Лена велела Динику идти к тёте Рузе и Марине, сказала, что кое-что проверит и тоже придёт. Но Диник упёрся: я с тобой, и всё тут. Они попрощались с Александрой Антоновной и теперь стояли у крыльца. Лена не собиралась уступать, Диник тоже. Встал в позу, надулся из вредности. Почему это она его отсылает? И куда собралась? За ворота? Нельзя! Они ведь пообещали Марине, что не пойдут со двора.
– Вот и не ходи, – сказала Лена. – Я сама.
– Нет!
– Подожди здесь.
– Нет, пойдём домой вместе.
Лене надоело спорить:
– Короче. Я иду, а ты сам решай. Мне всё равно.

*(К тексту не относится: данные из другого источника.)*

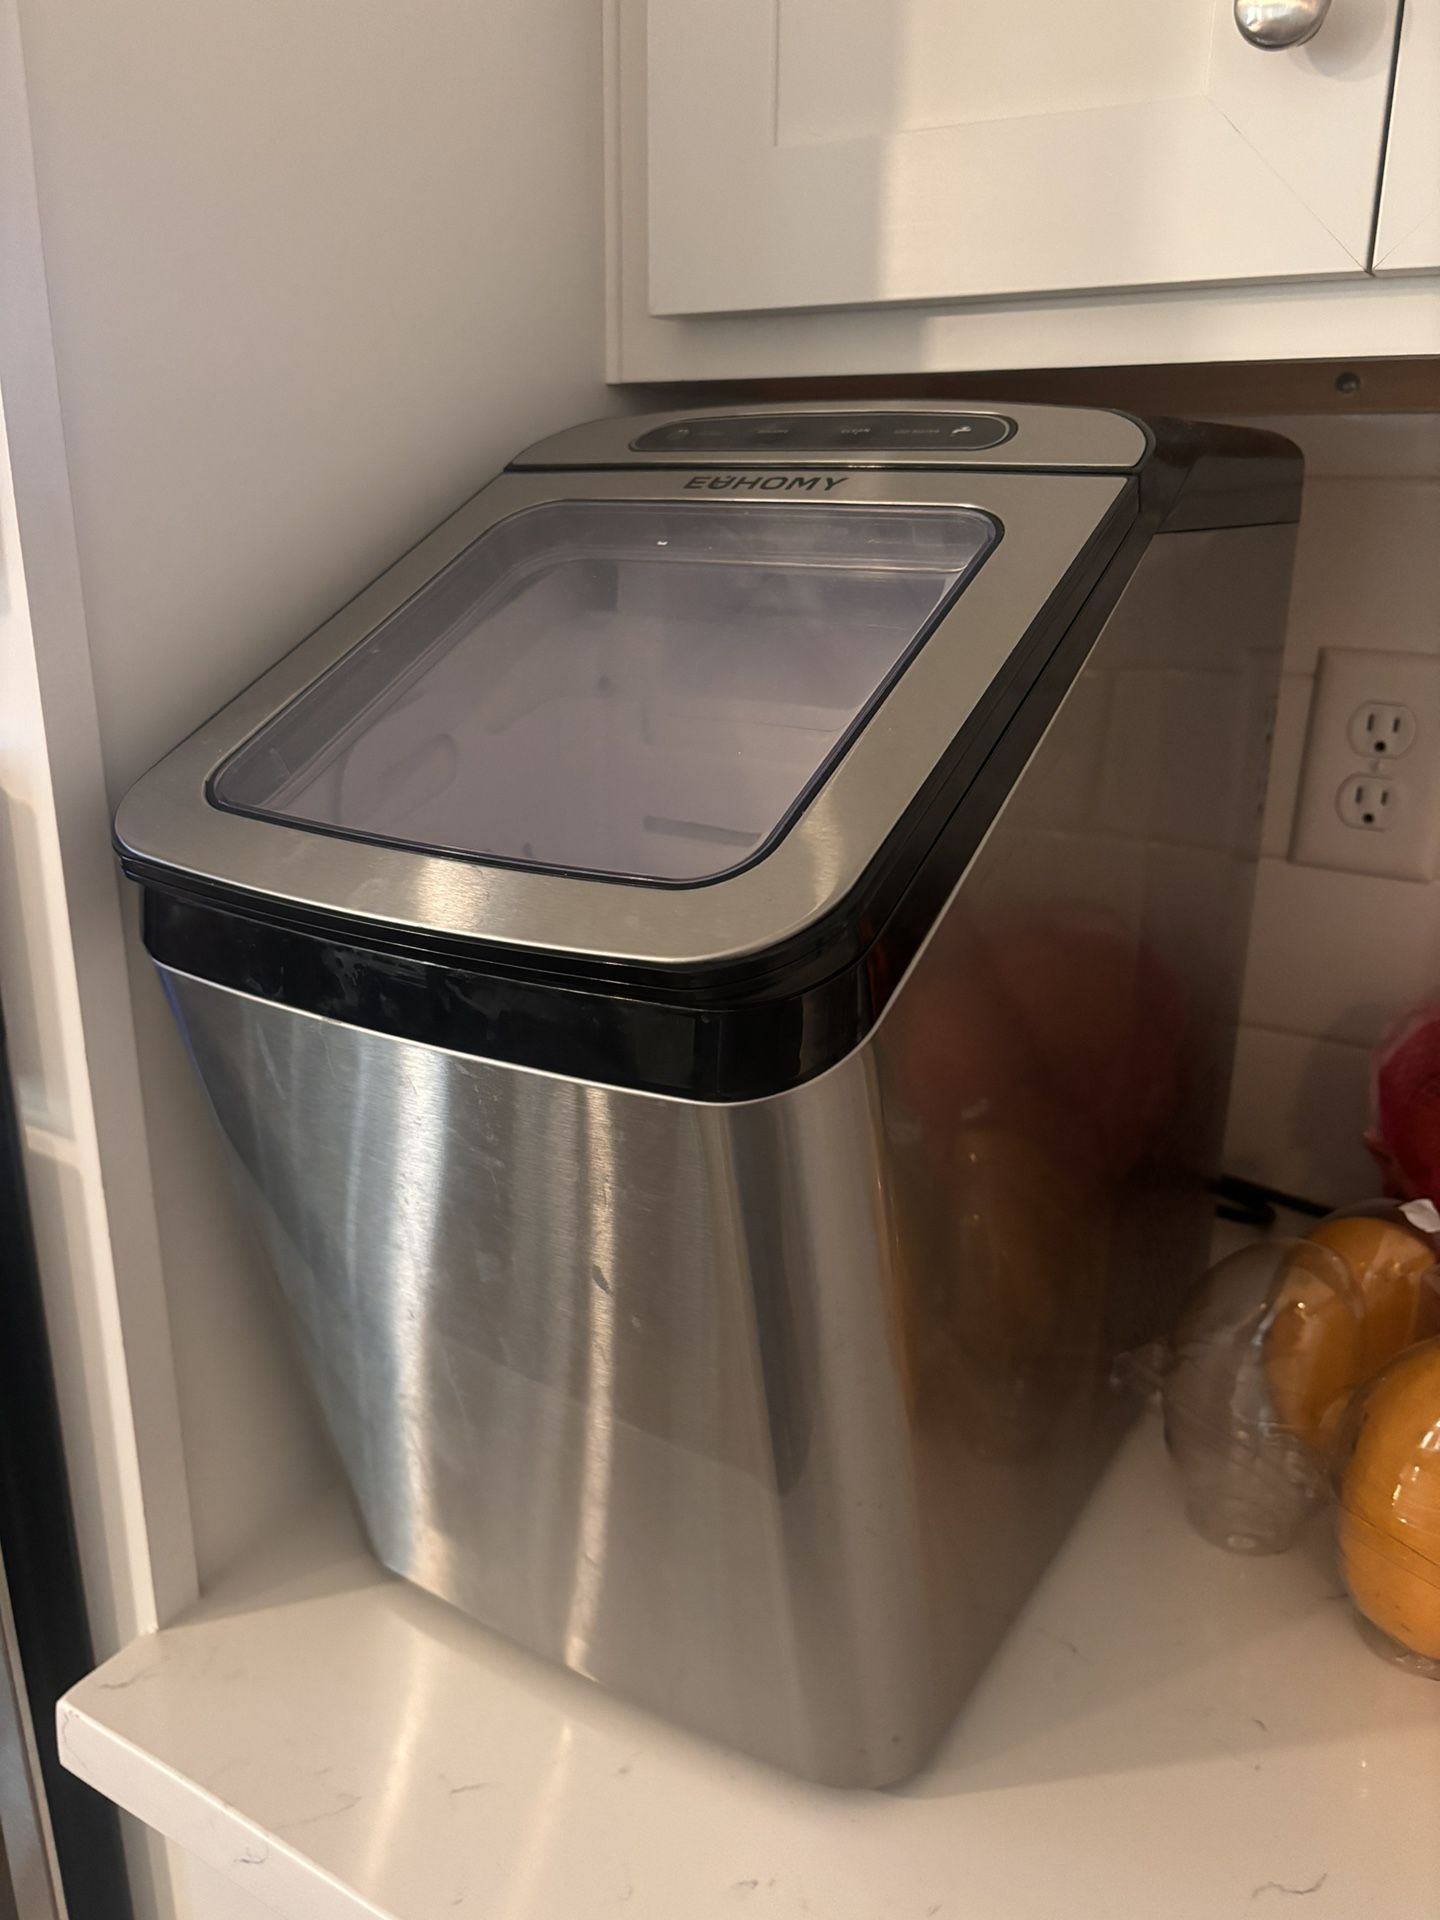 Nugget ice maker

Она быстро развернулась и направилась к воротам. Вышла на улицу. Оглядела пустую дорогу, неприметные здания за ней и повернула за угол. Диник плёлся позади и бормотал, что обещания нарушают только вруны, а он, Диник, не врун, но из-за Лены – врун, но он не хотел, это она виновата, во всём виновата, потому что считает себя слишком умной, а сама не умная.
– Стой, – сказала Лена. – Что ты видишь?
– Ничего, – буркнул Диник.
Они обошли часть дома и оказались в тупике – несколько сараев, мусорные контейнеры, деревья и заросли высоченного камыша с жёсткими сухими стеблями и пушистыми метёлками наверху.
– И я – ничего.
Лена внимательно осмотрела стену их дома. Так и есть, вот окно Александры Антоновны. Её горшки с фиалками, тюль, серый кот на подоконнике. Щурит жёлтые глаза по ту сторону стекла. Её окно, никаких сомнений. А напротив…
– Диник, здесь должен быть пасторат. Вампирский замок.
– С чего ты взяла?
– С того. Но его здесь нет.
Да, его там не было. Диник подтвердил. И сказал ещё: нету и нету, что такого.
Действительно – что?
Марина редко злилась, чаще бывала расстроенной или напуганной, как сейчас. Хотя сейчас и злилась немножко.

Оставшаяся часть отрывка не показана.